**EXERCISE DATA**
---+---
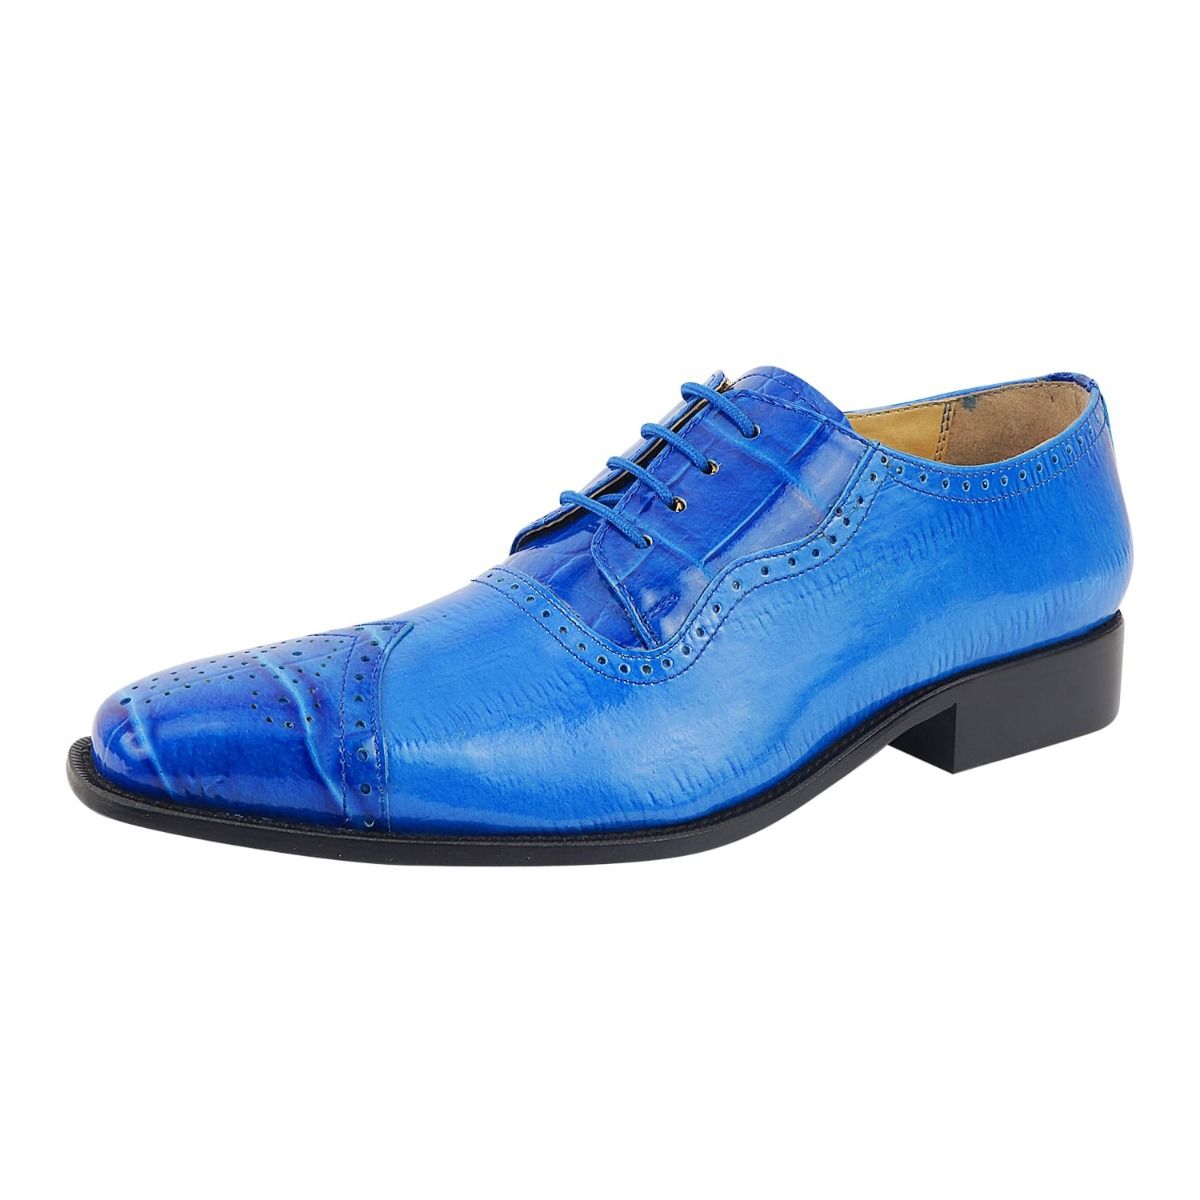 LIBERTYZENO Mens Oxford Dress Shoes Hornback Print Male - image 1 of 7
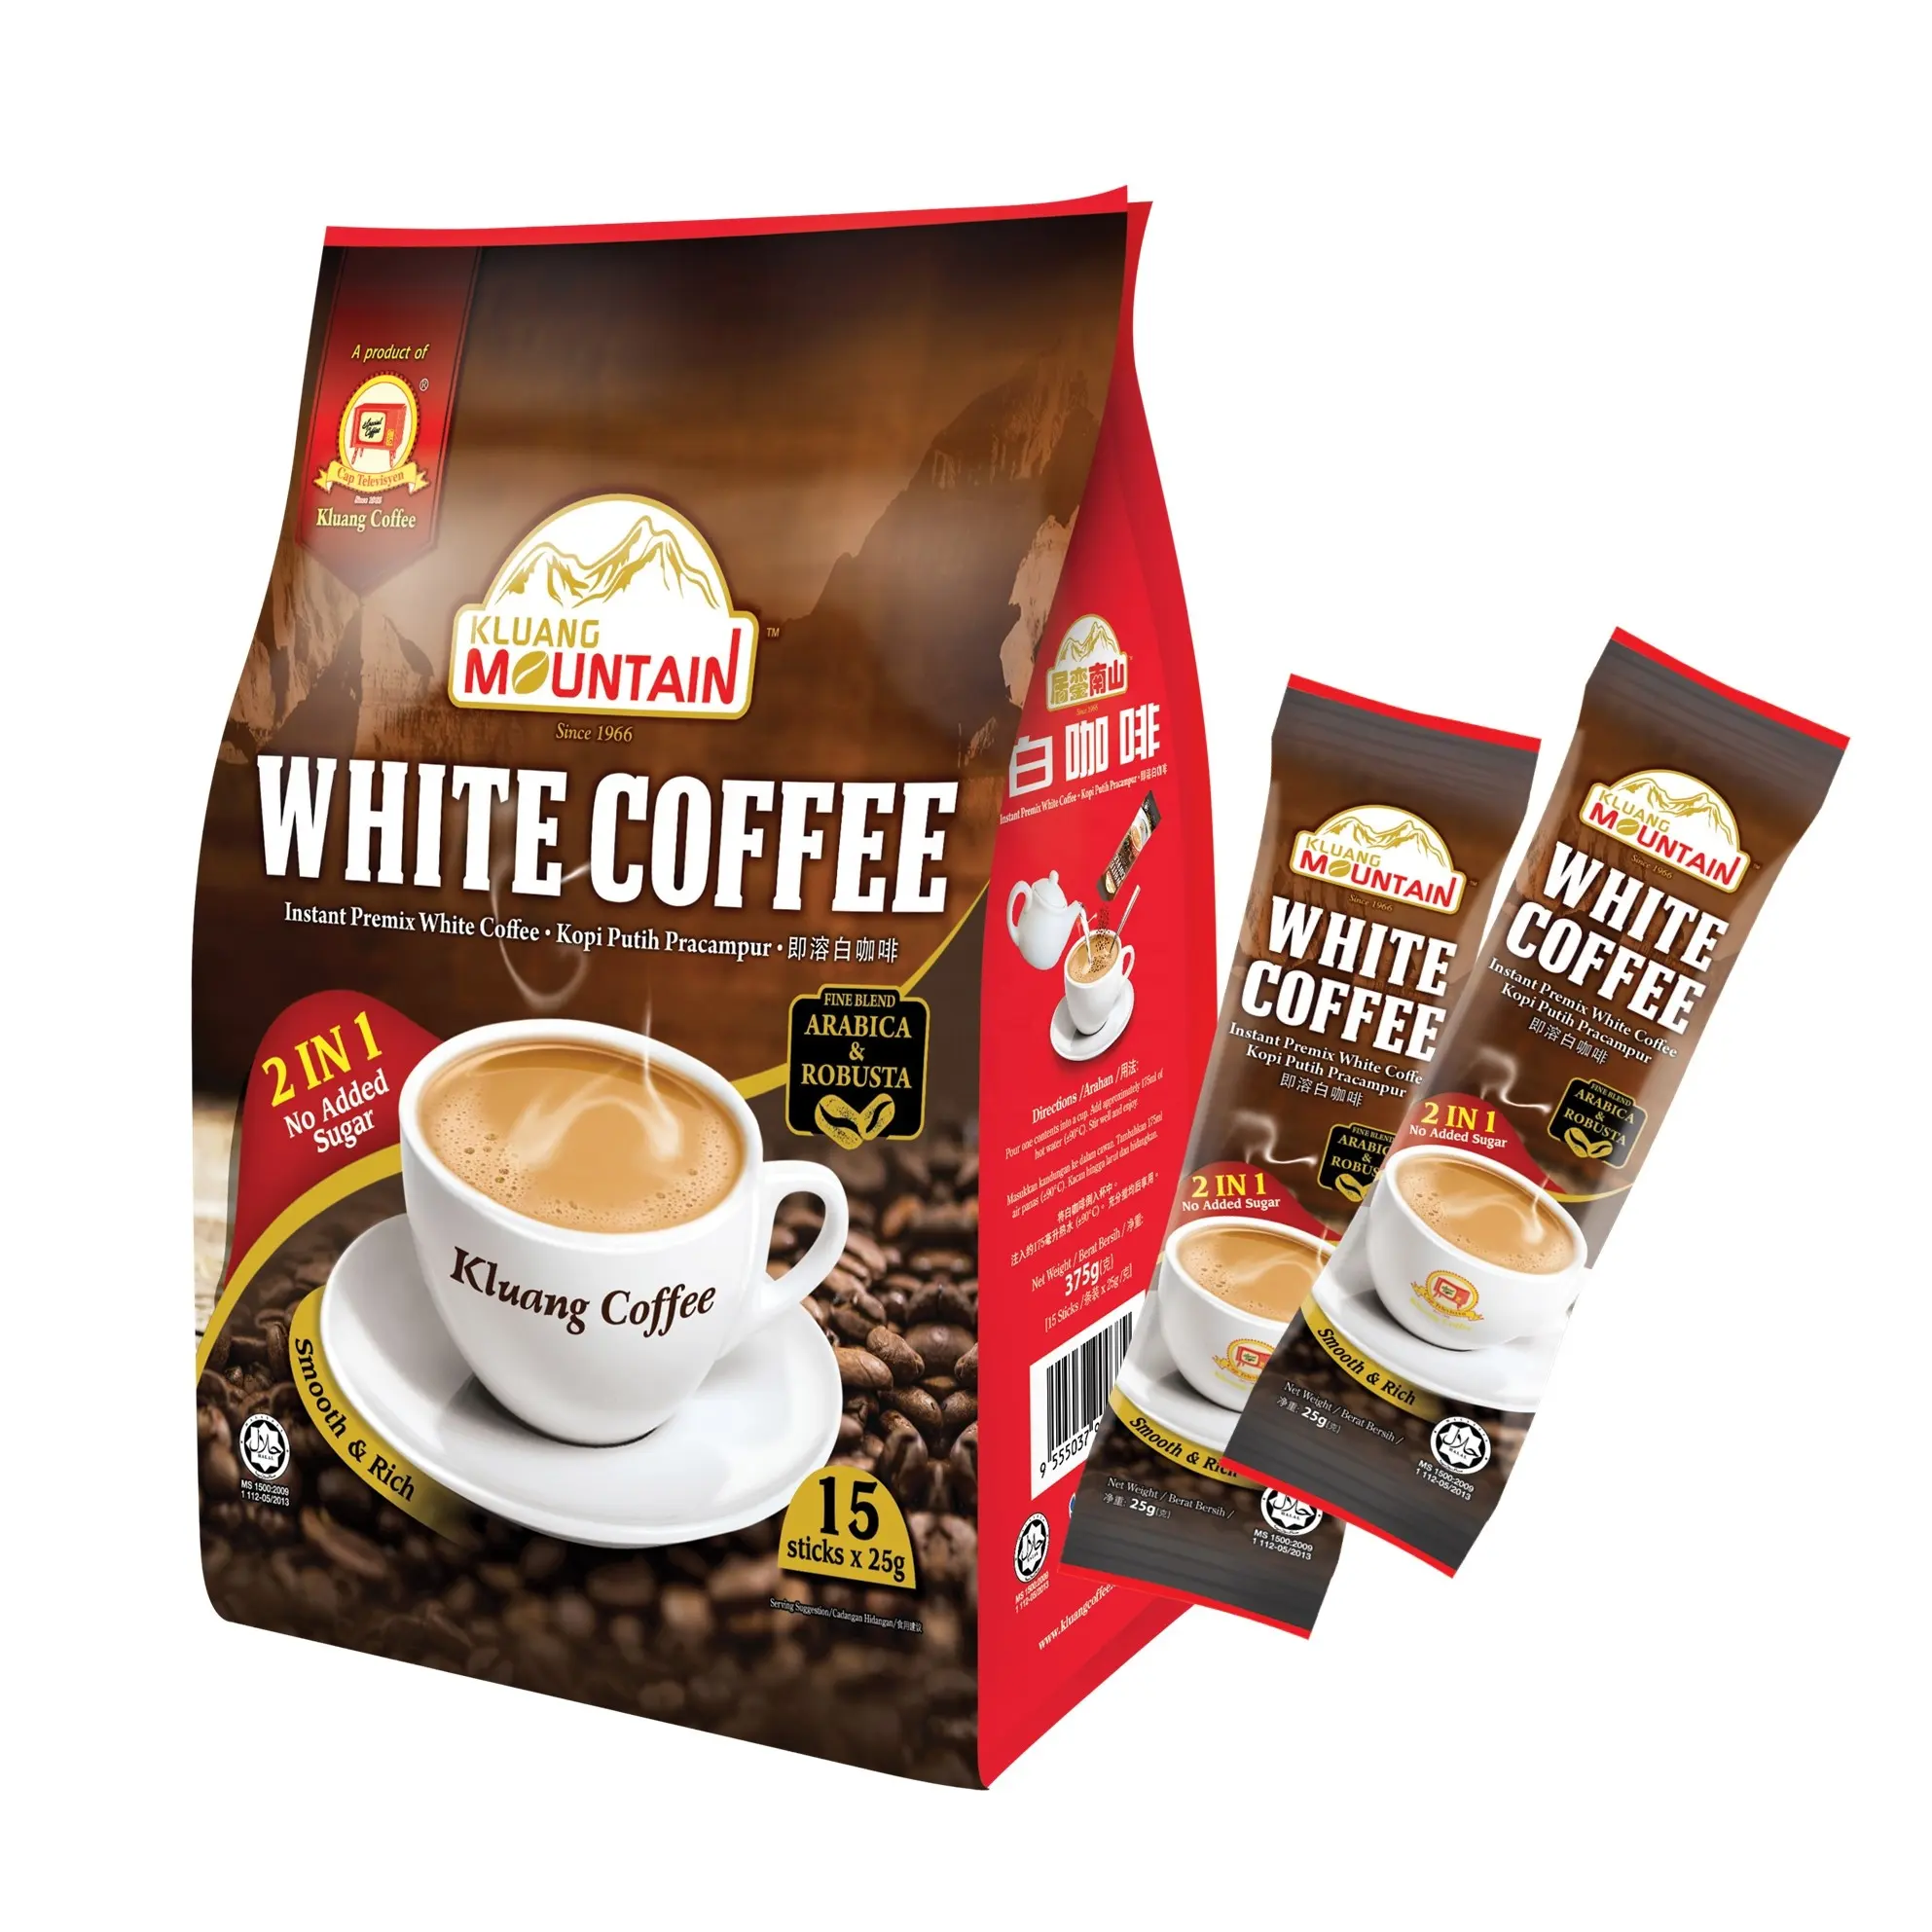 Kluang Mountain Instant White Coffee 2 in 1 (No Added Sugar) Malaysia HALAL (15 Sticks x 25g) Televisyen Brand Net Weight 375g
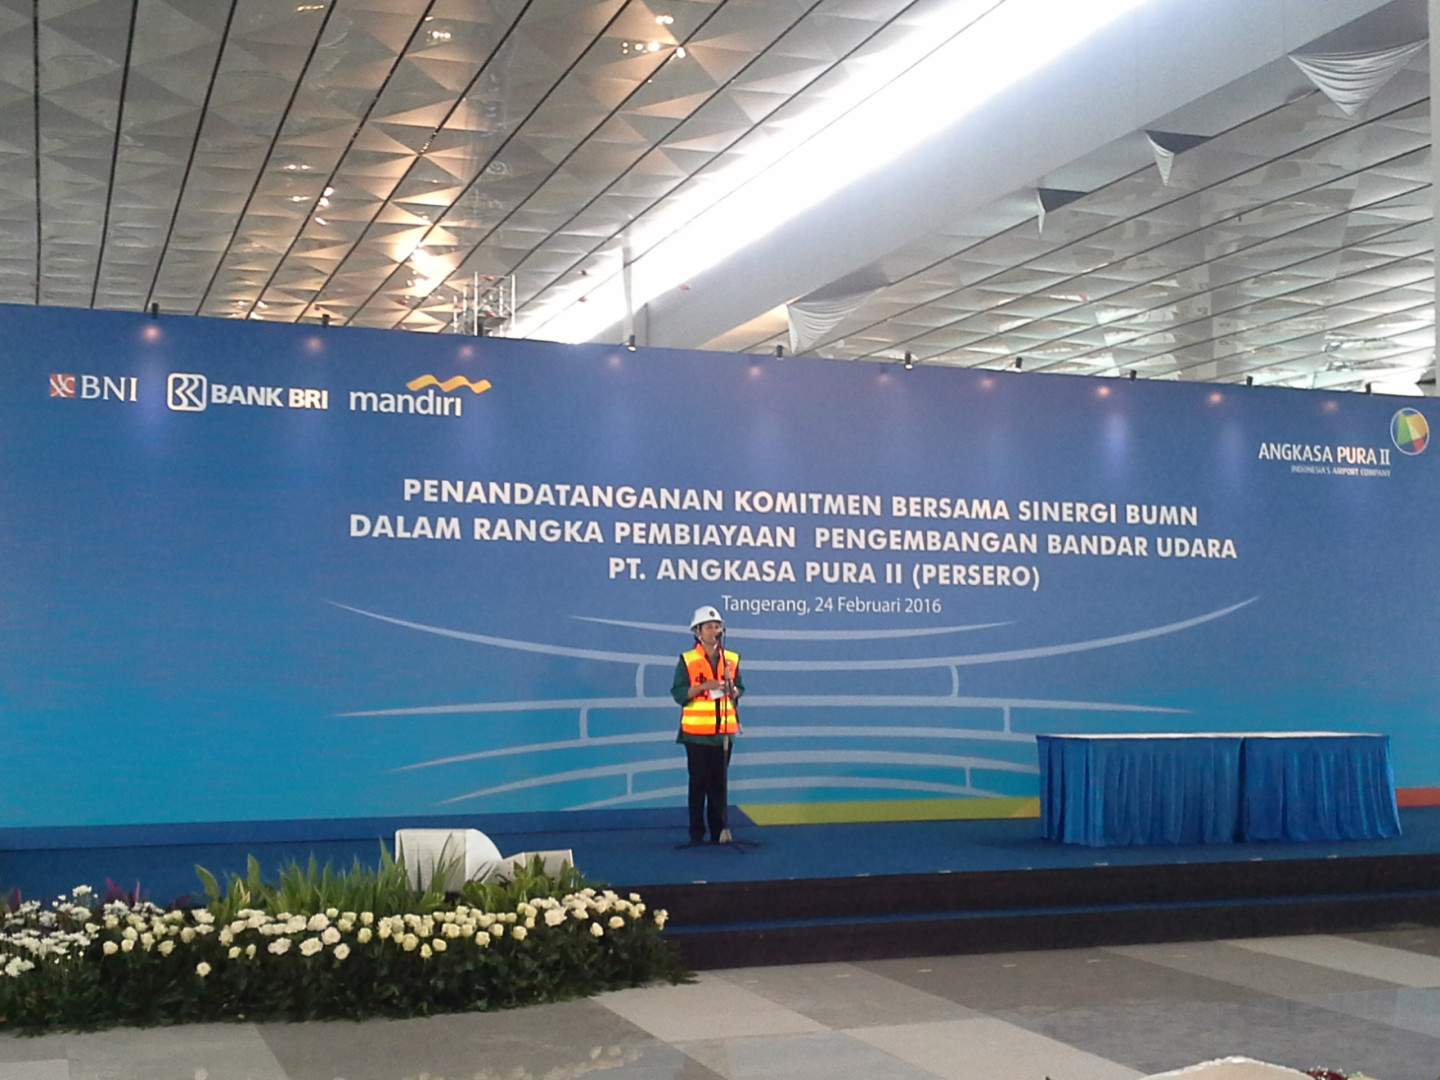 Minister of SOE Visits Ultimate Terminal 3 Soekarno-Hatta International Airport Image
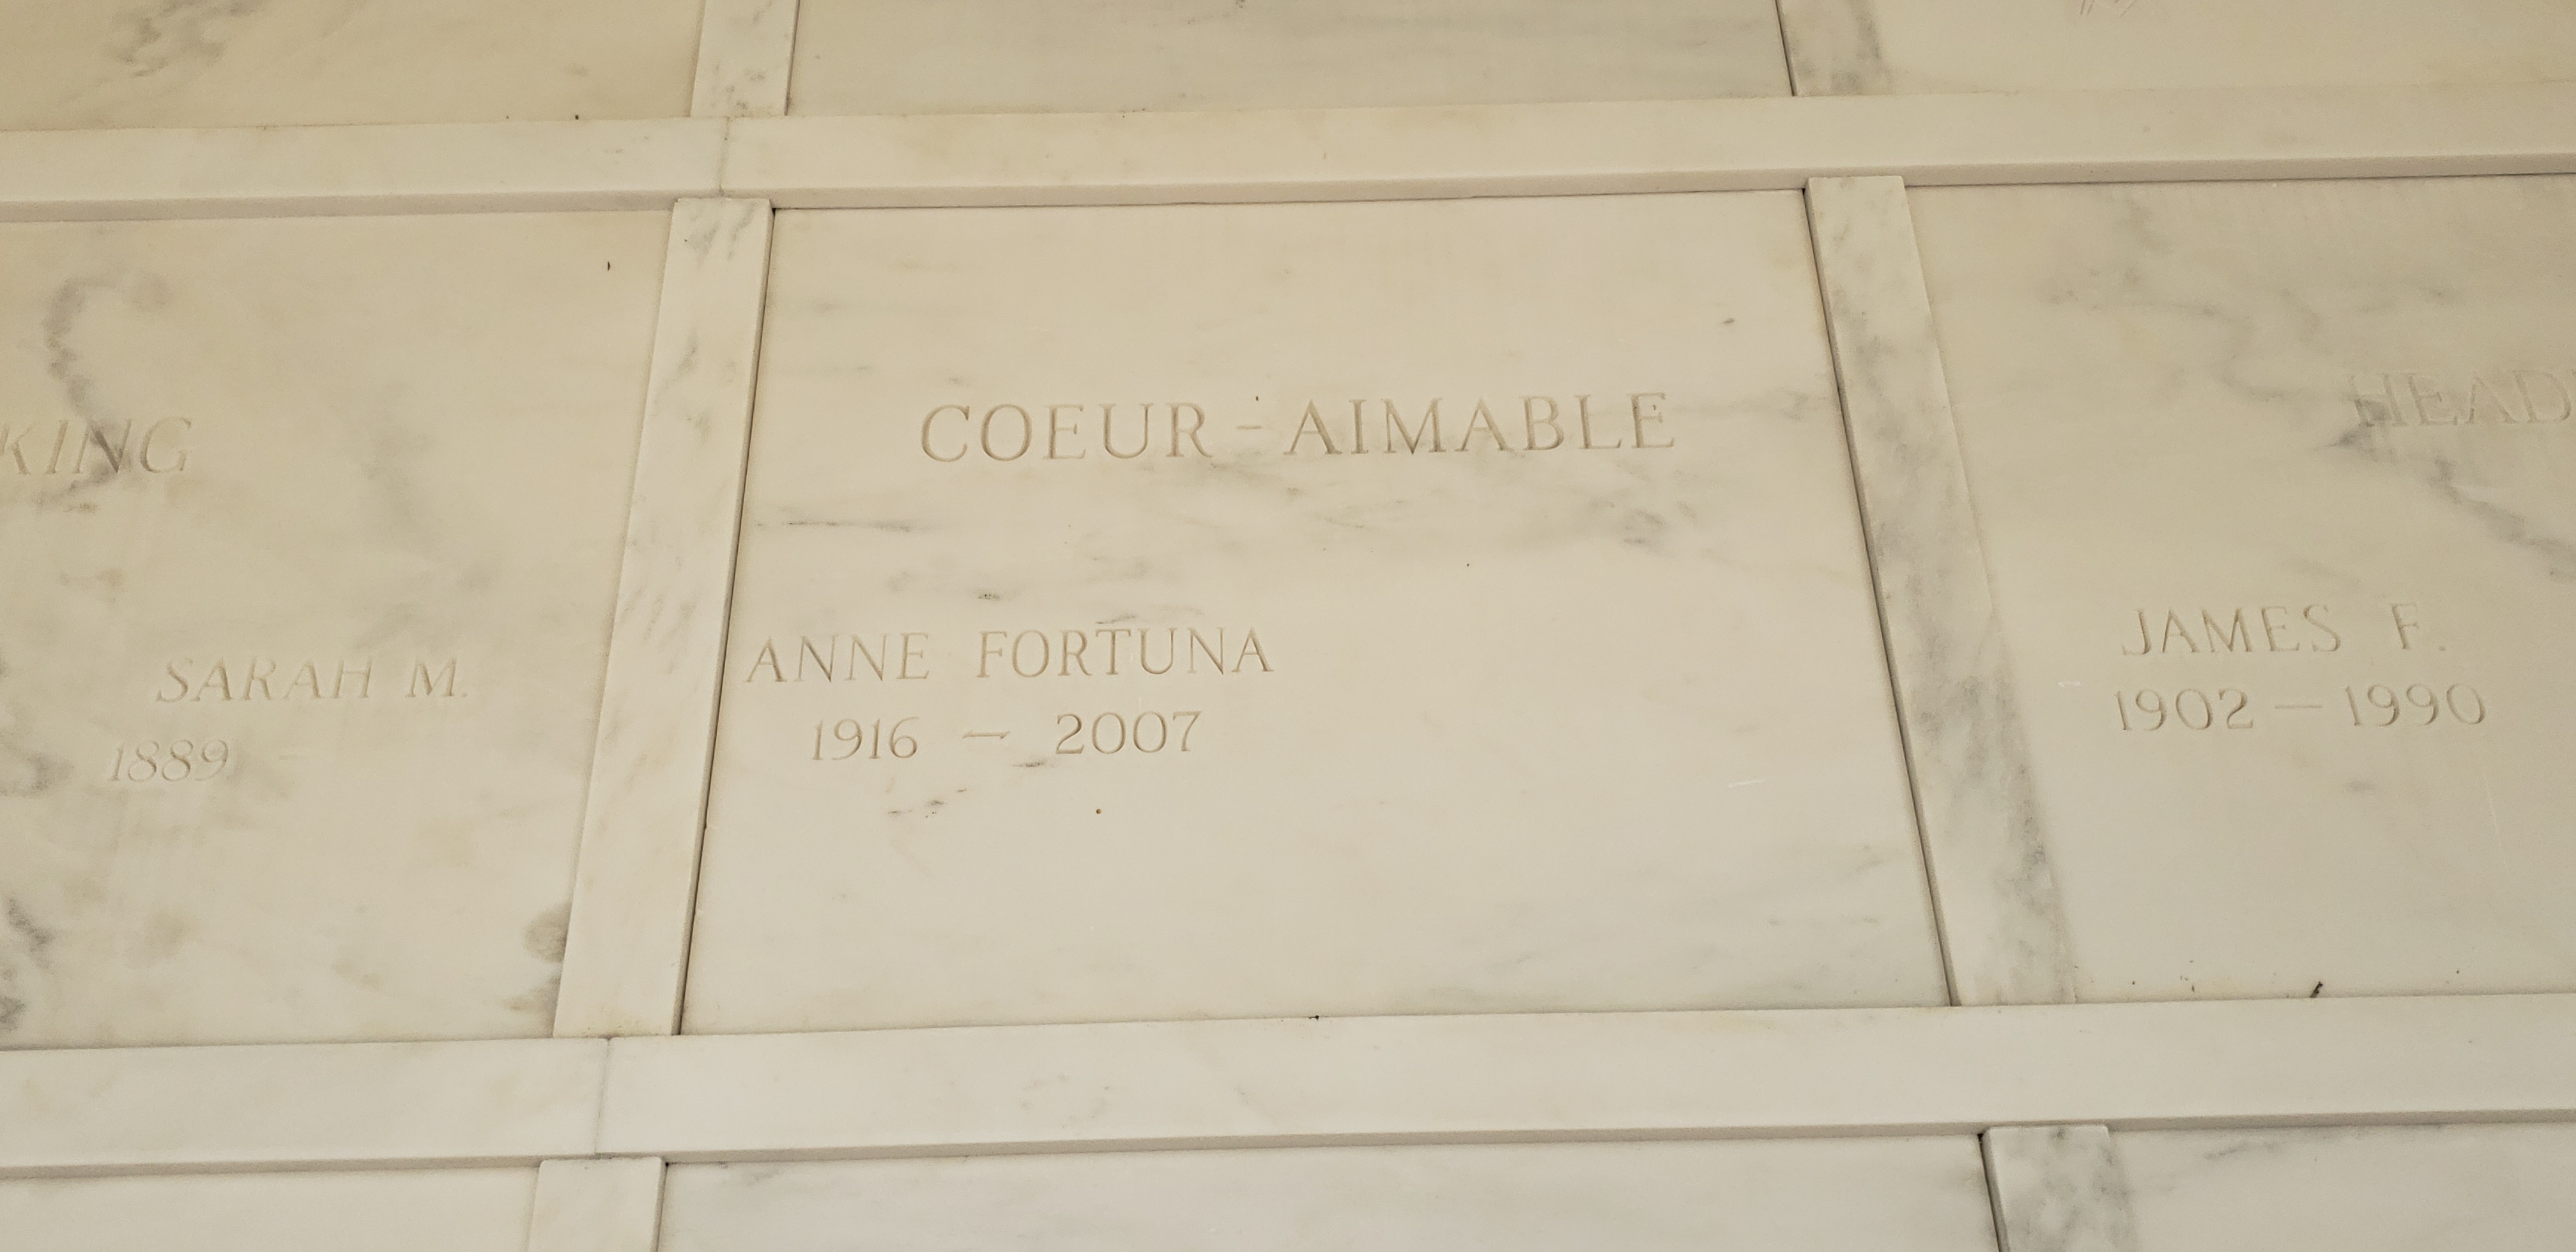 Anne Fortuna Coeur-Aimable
---+---
**WORK REQUEST**
Your answer should be the lines from the line containing "Minister of SOE" through the end of the listing above, output exactly and alone, without the pictures.

**OUTPUT**
 Minister of SOE Visits Ultimate Terminal 3 Soekarno-Hatta International Airport Image
 Anne Fortuna Coeur-Aimable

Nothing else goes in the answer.